Phosphatidylinositol 4,5-bisphosphate (PIP2) is the obligatory precursor of inositol 1,4,5-trisphosphate (InsP3 or IP3) and is therefore critical to intracellular Ca2+ signaling. Using RNA interference (RNAi), we identified the short splice variant of type I phosphatidylinositol 4-phosphate 5-kinase γ (PIP5KIγ87) as the major contributor of the PIP2 pool that supports G protein–coupled receptor (GPCR)-mediated IP3 generation. PIP5KIγ87 RNAi decreases the histamine-induced IP3 response and Ca2+ flux by 70%. Strikingly, RNAi of other PIP5KI isoforms has minimal effect, even though some of these isoforms account for a larger percent of total PIP2 mass and have previously been implicated in receptor mediated endocytosis or focal adhesion formation. Therefore, PIP5KIγ87's PIP2 pool that supports GPCR-mediated Ca2+ signaling is functionally compartmentalized from those generated by the other PIP5KIs.
Phosphatidylinositol 4,5-bisphosphate (PIP2) regulates multiple plasma membrane (PM) functions (Doughman et al., 2003; Yin and Janmey, 2003), and it is also a substrate for PLC-mediated inositol 1,4,5-trisphosphate (InsP3 or IP3) generation. In spite of PIP2's obligatory role as an IP3 precursor, and the importance of IP3 mediated Ca2+ signaling, surprisingly little is known about the identity of the phosphoinositide kinases involved. Unlike yeast, which has a single type I phosphatidylinositol 4-phosphate 5-kinase (PIP5KI) that synthesizes PIP2 (Audhya and Emr, 2003), mammals have three major PIP5KI isoforms named α, β and γ (Doughman et al., 2003).

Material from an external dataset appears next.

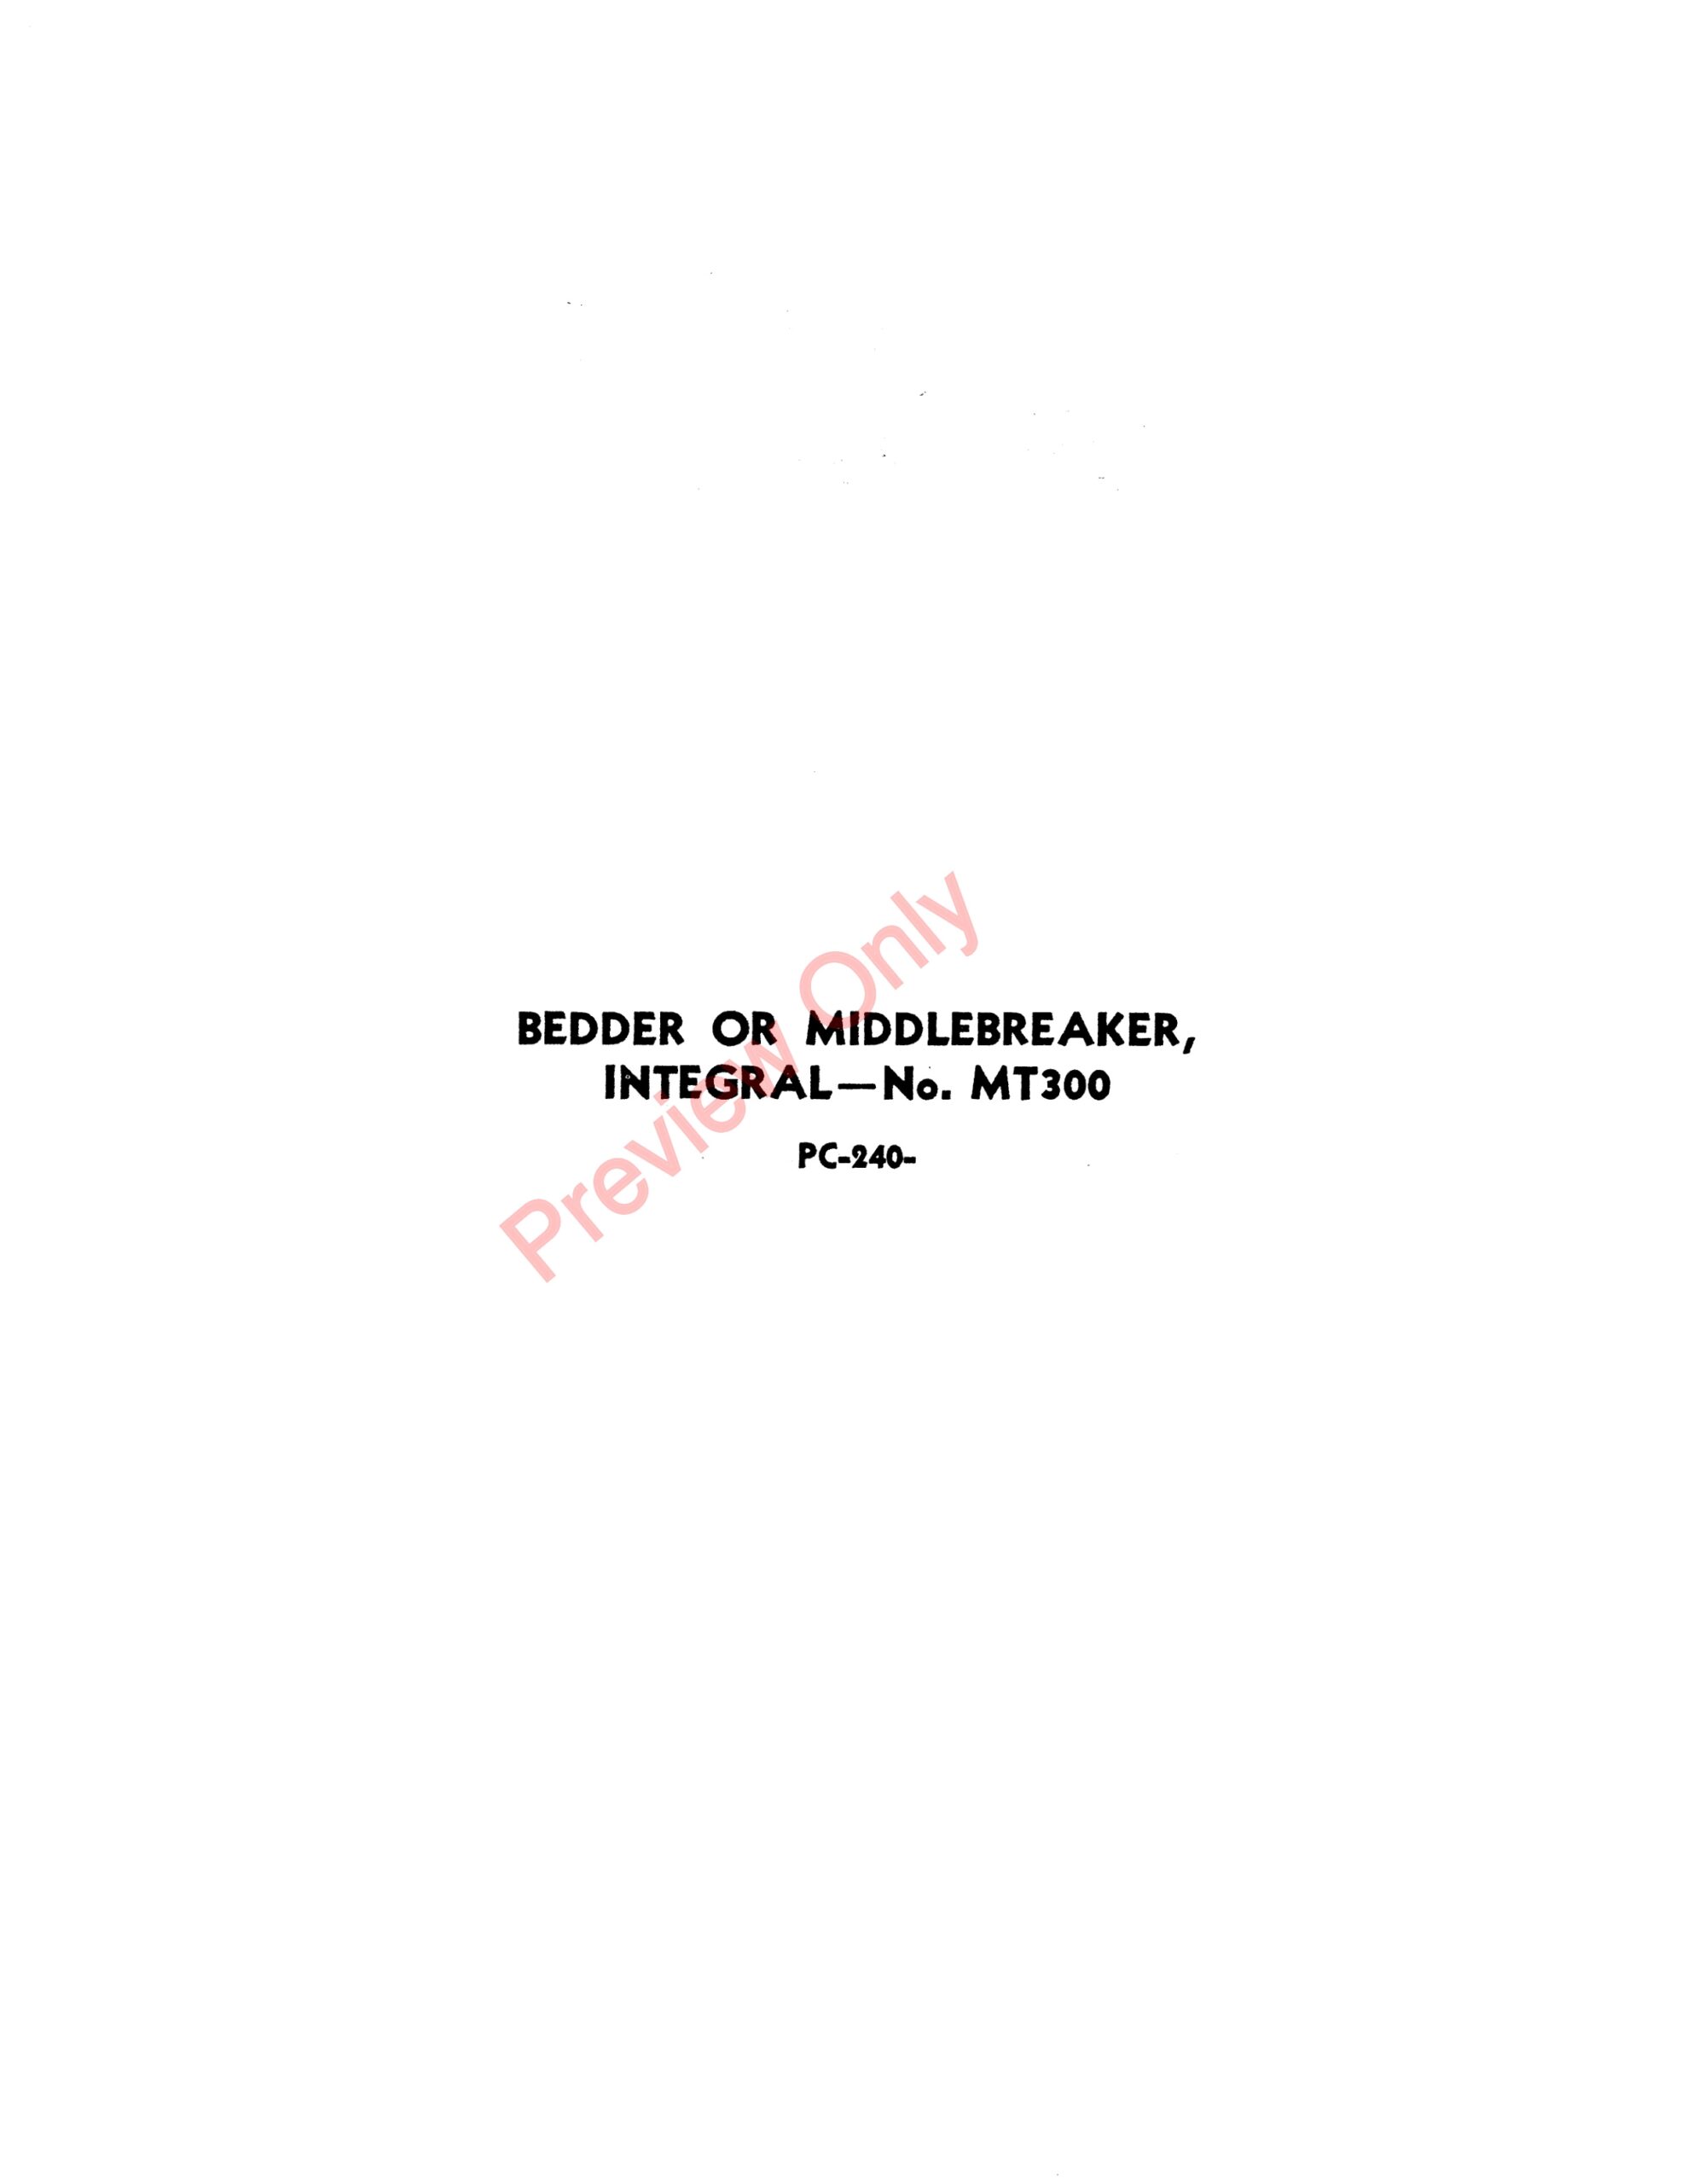 John Deere MT300 Bedder or Middlebreaker Parts Catalog PC240 01MAR52-1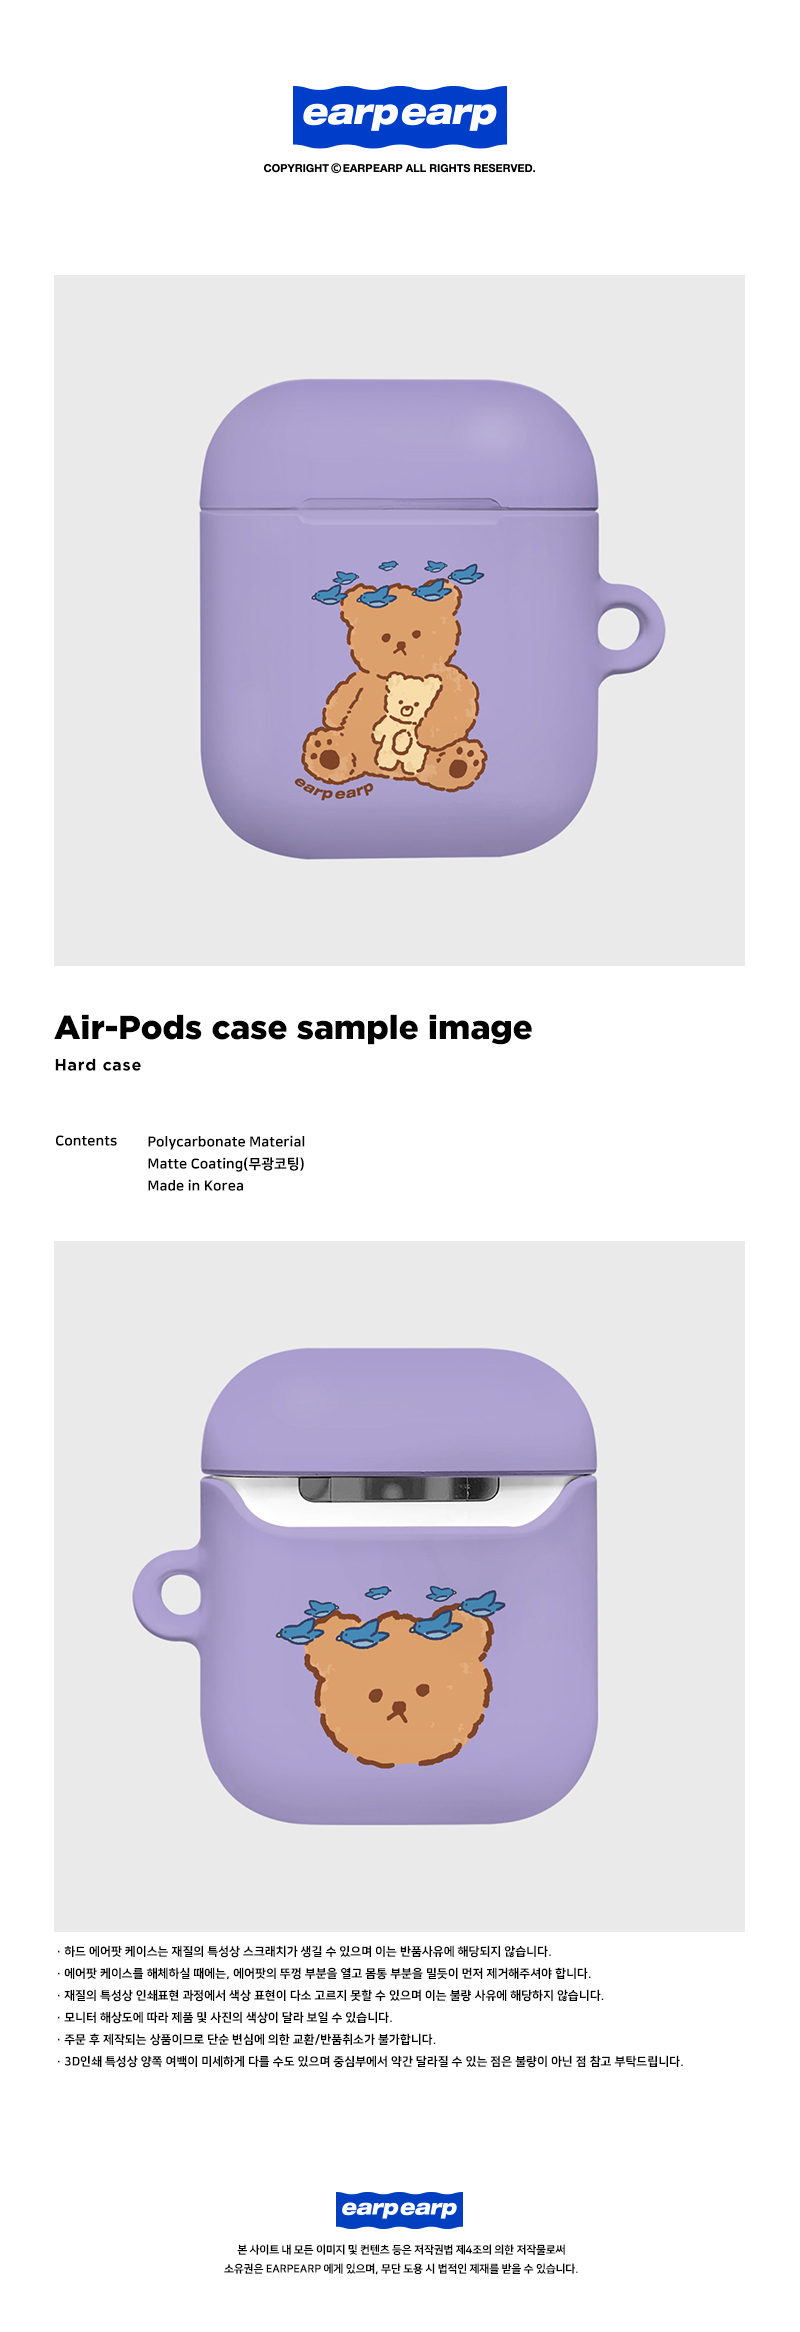 [호환용] blue bird bear-purple(Hard air pods)  11,900원 - 바이인터내셔널주식회사 디지털, 이어폰/헤드폰, 이어폰/헤드폰 액세서리, 에어팟/에어팟프로 케이스 바보사랑 [호환용] blue bird bear-purple(Hard air pods)  11,900원 - 바이인터내셔널주식회사 디지털, 이어폰/헤드폰, 이어폰/헤드폰 액세서리, 에어팟/에어팟프로 케이스 바보사랑

PIP5KIγ has two splice variants (PIP5KIγ87 and 90) that are distinguished by a 28–amino acid extension at the COOH terminus of PIP5KIγ90 (Di Paolo et al., 2002; Ling et al., 2002; Fig. 1 A). PIP5KIγ90 is particularly enriched in neurons (Wenk et al., 2001); it is the major PIP2 synthesizing enzyme at the synapse, where it has been implicated in the regulation of clathrin coat recruitment, actin dynamics (Wenk et al., 2001) and focal adhesion formation (Di Paolo et al., 2002; Ling et al., 2002). In contrast, PIP5KIγ87 is not involved in focal adhesion formation or clathrin-mediated endocytosis (in HeLa cells; Padron et al., 2003).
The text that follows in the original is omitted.